### WHAT YOU WILL DO
For the data that follows, print the line with "Sunny Fashion Vestido", the line with "CO-12 伊達羽織長丈 変わり織 銀鼠●", and all lines between them, exactly as they stand. Omit pictures and add nothing.

### EXERCISE MATERIALS
* * * * *
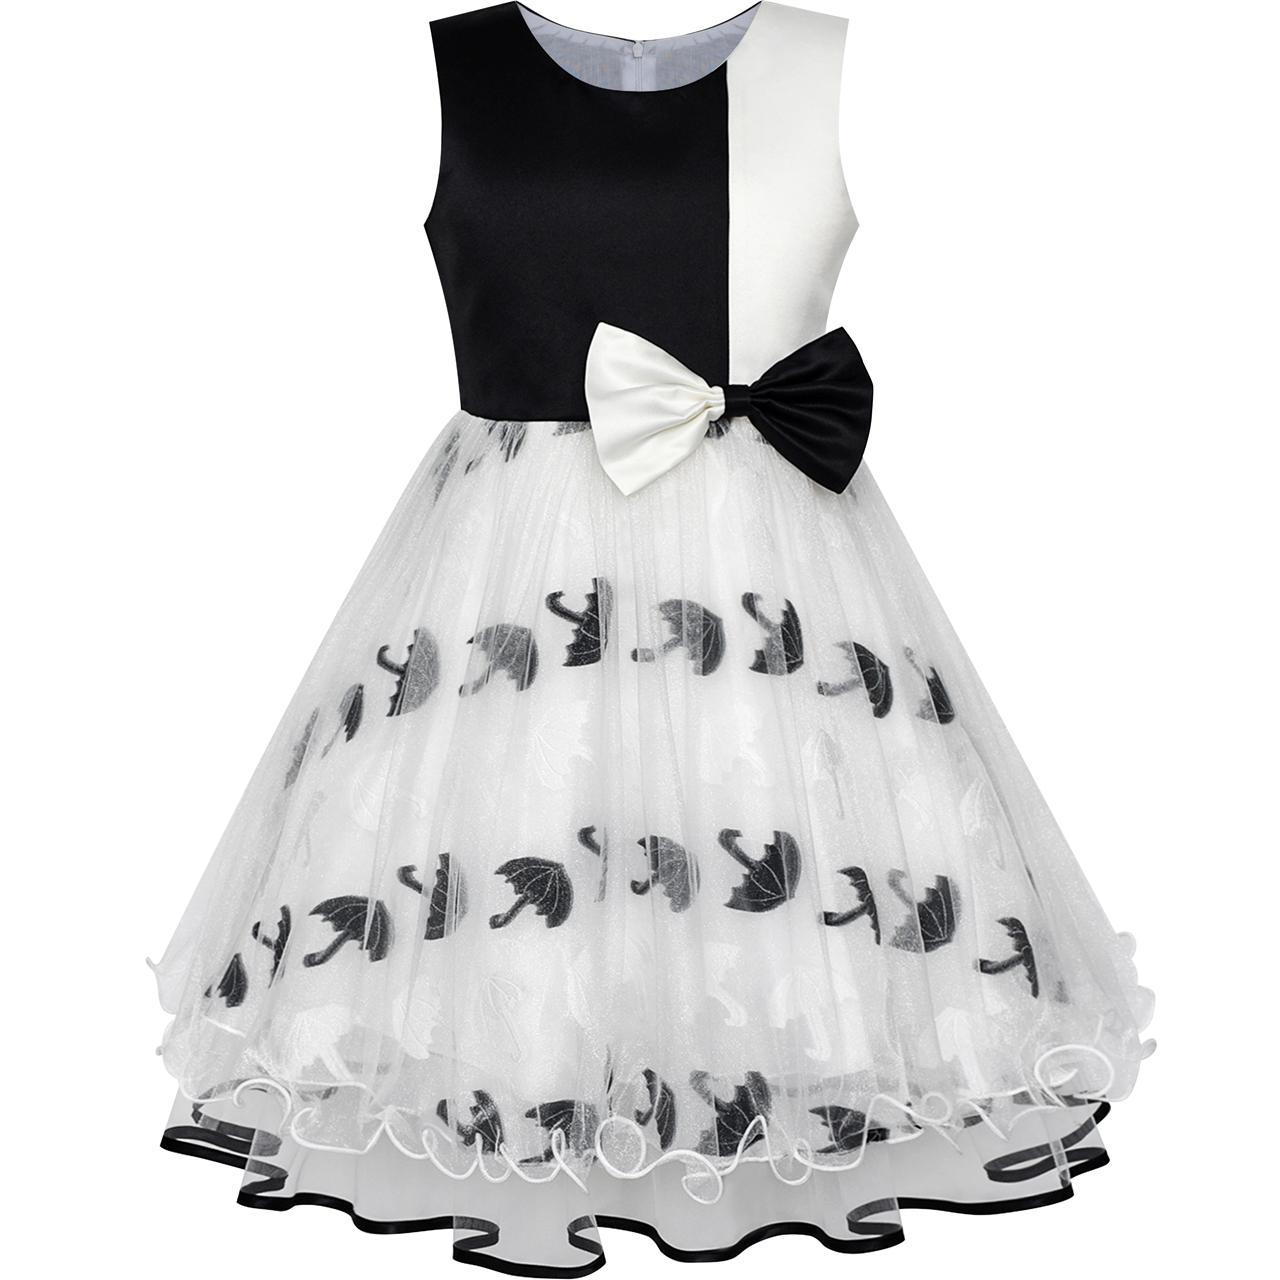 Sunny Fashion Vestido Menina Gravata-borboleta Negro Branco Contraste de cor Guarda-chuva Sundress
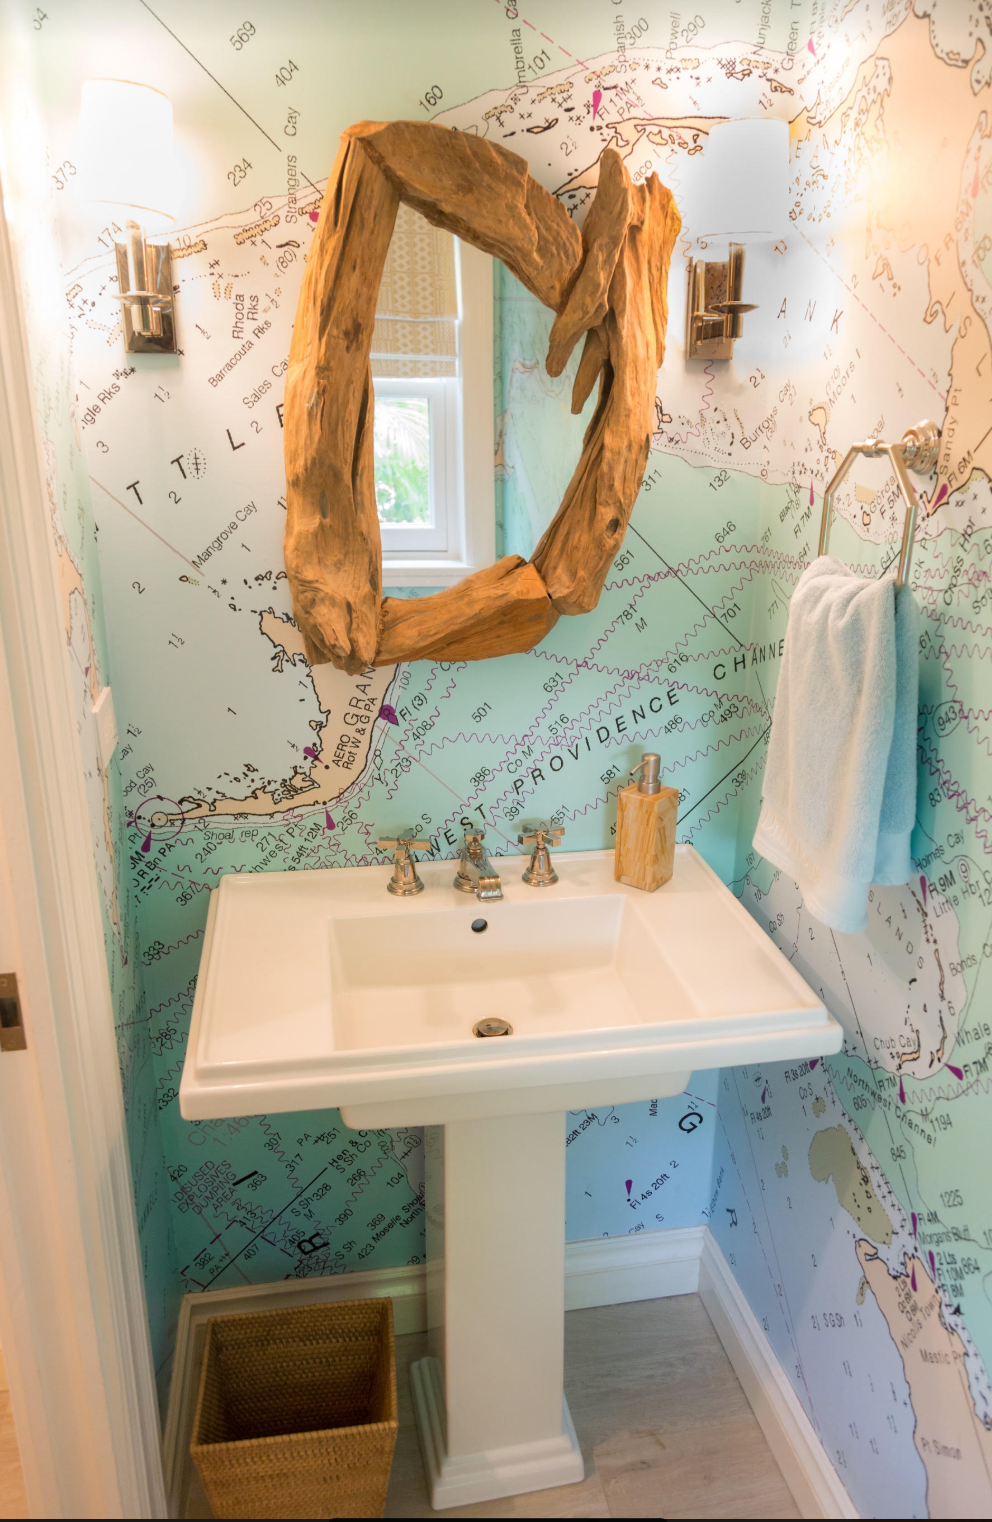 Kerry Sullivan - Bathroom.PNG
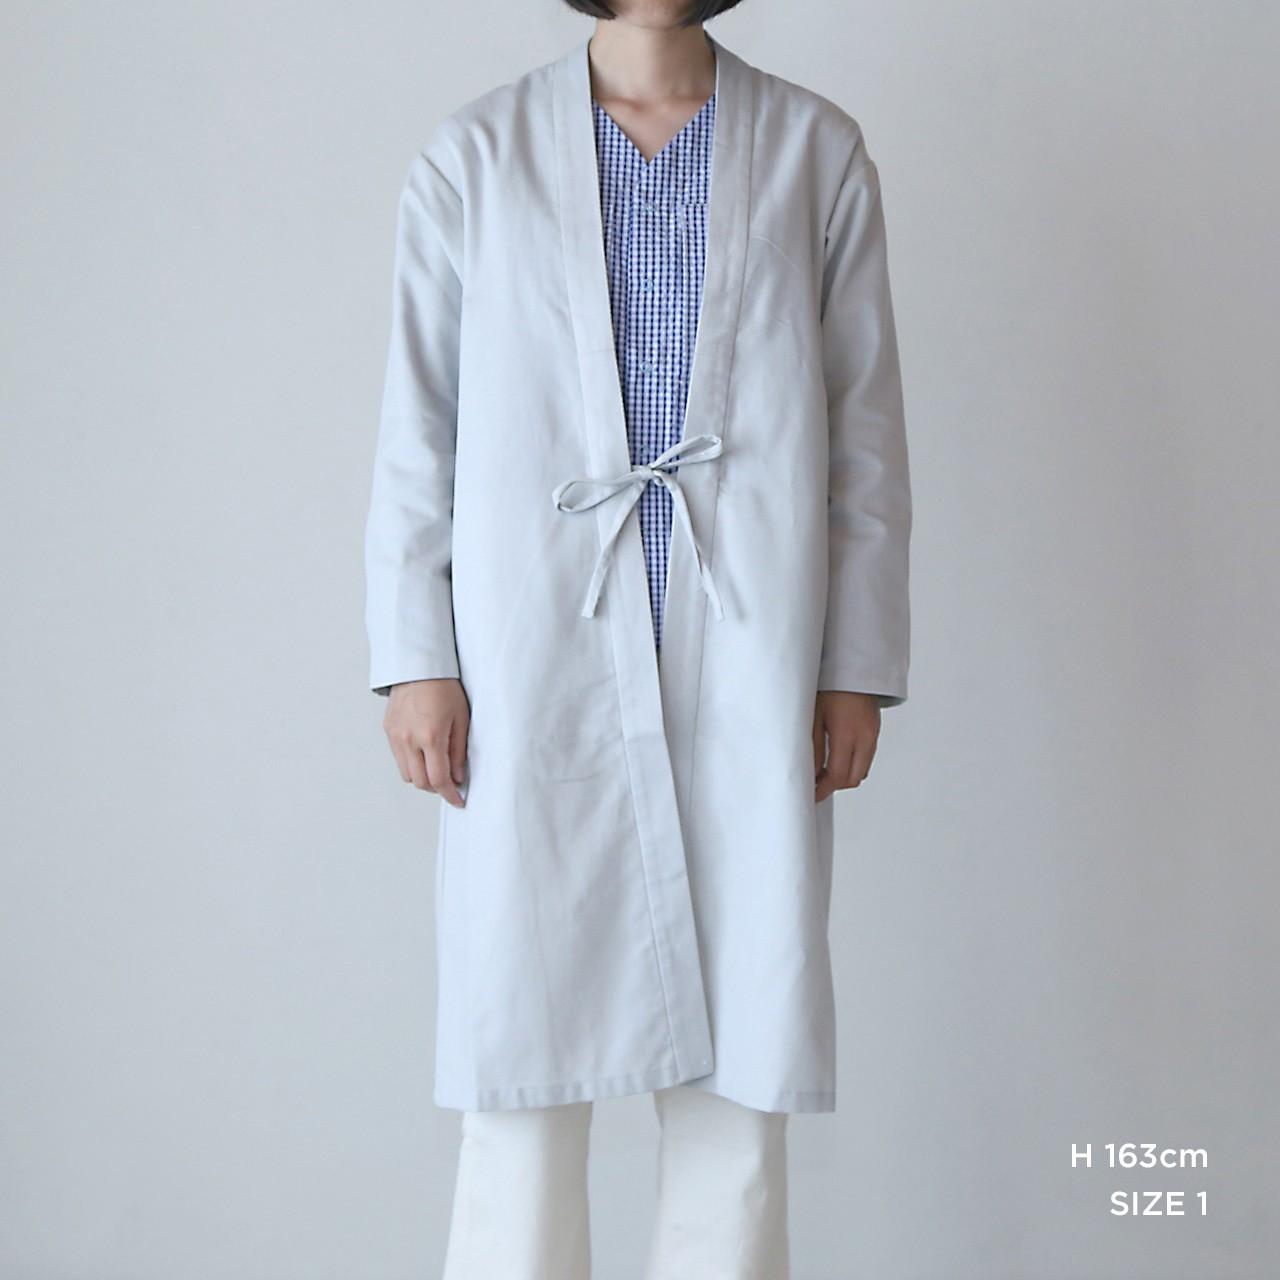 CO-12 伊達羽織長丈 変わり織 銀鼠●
* * * * *
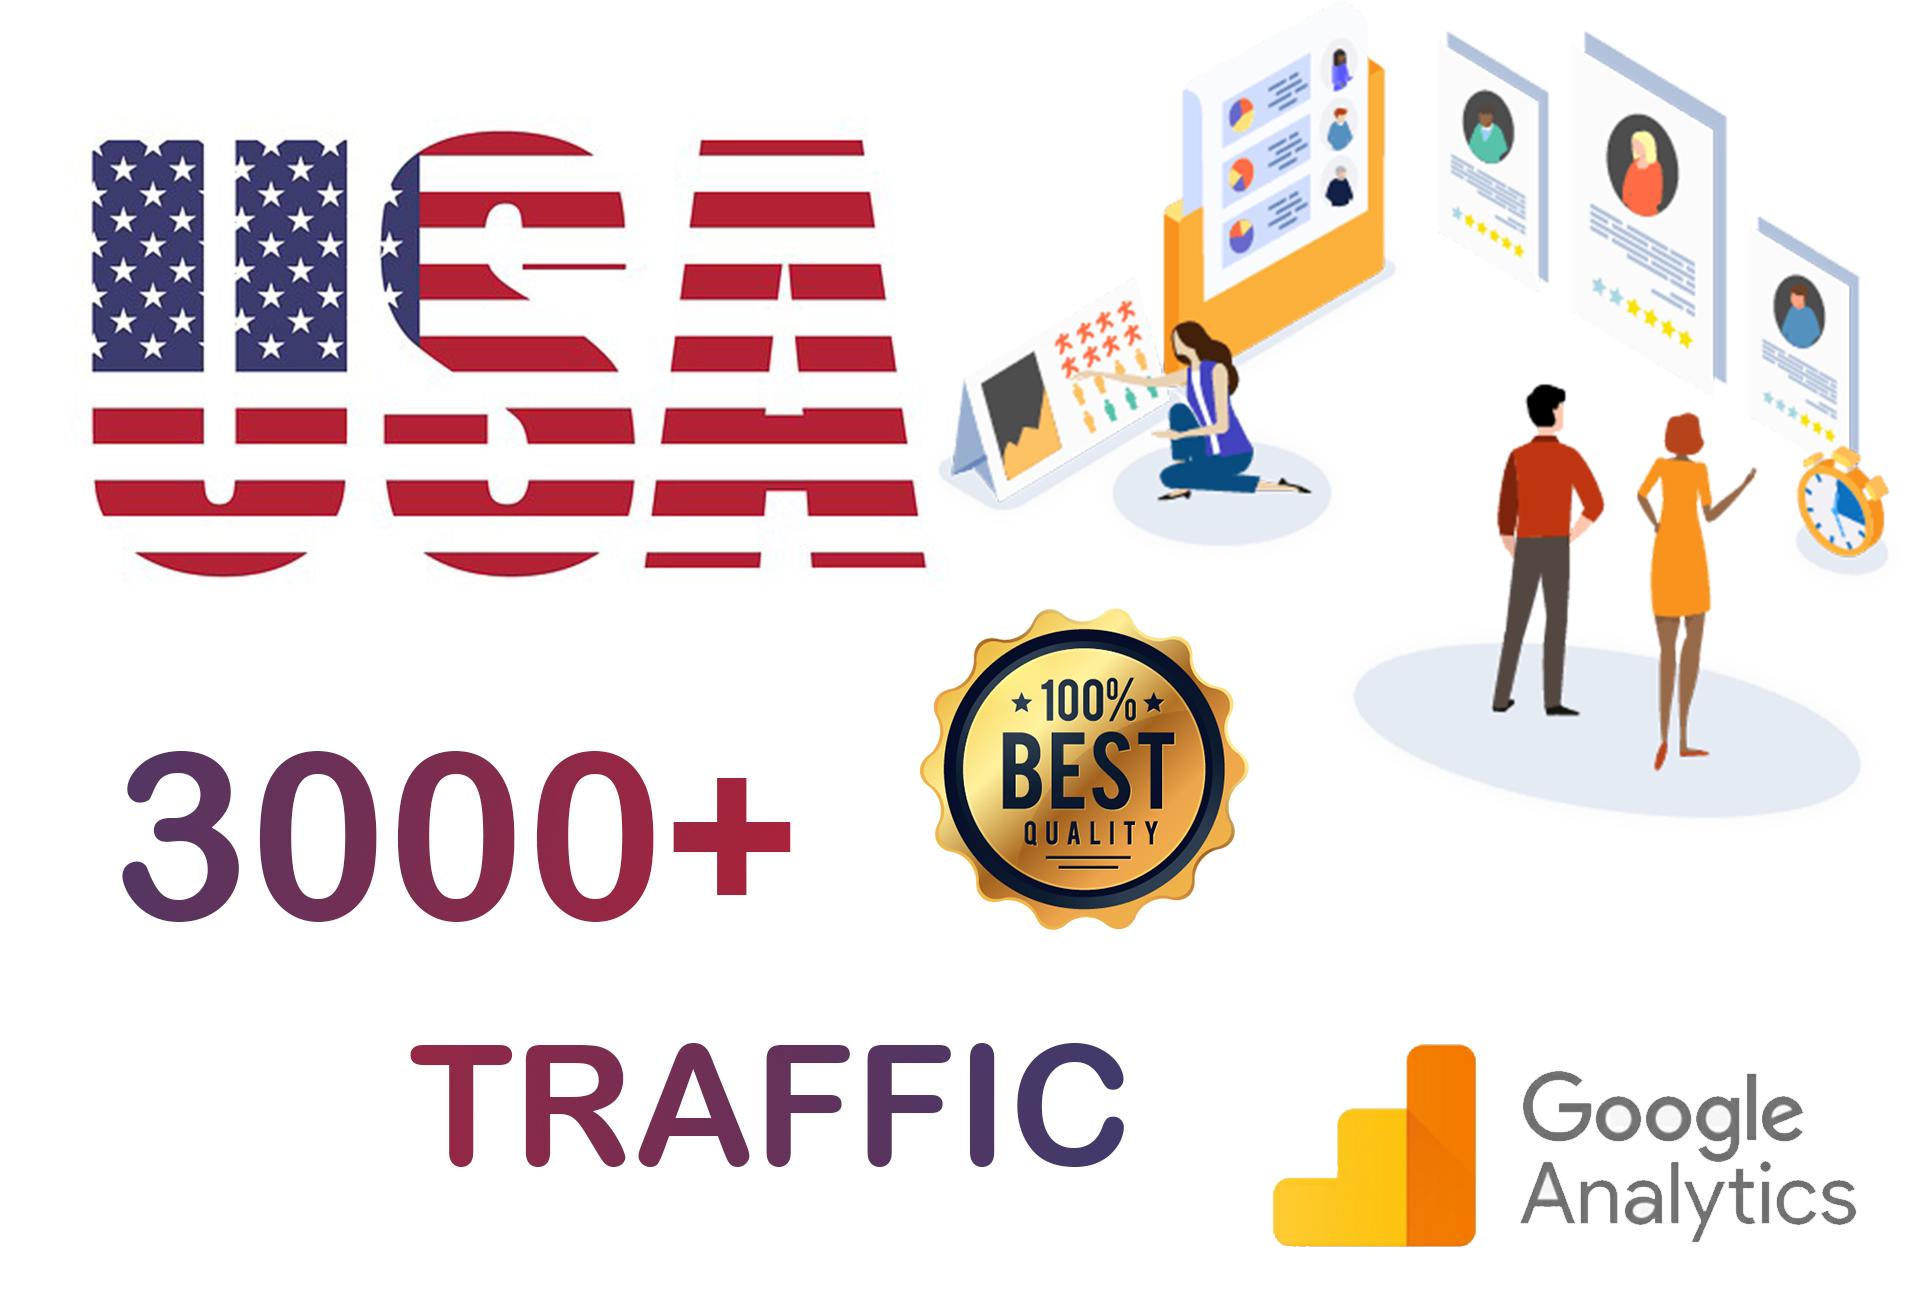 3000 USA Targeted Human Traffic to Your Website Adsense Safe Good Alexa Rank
* * * * *
### ANSWER
 Sunny Fashion Vestido Menina Gravata-borboleta Negro Branco Contraste de cor Guarda-chuva Sundress
 Kerry Sullivan - Bathroom.PNG
 CO-12 伊達羽織長丈 変わり織 銀鼠●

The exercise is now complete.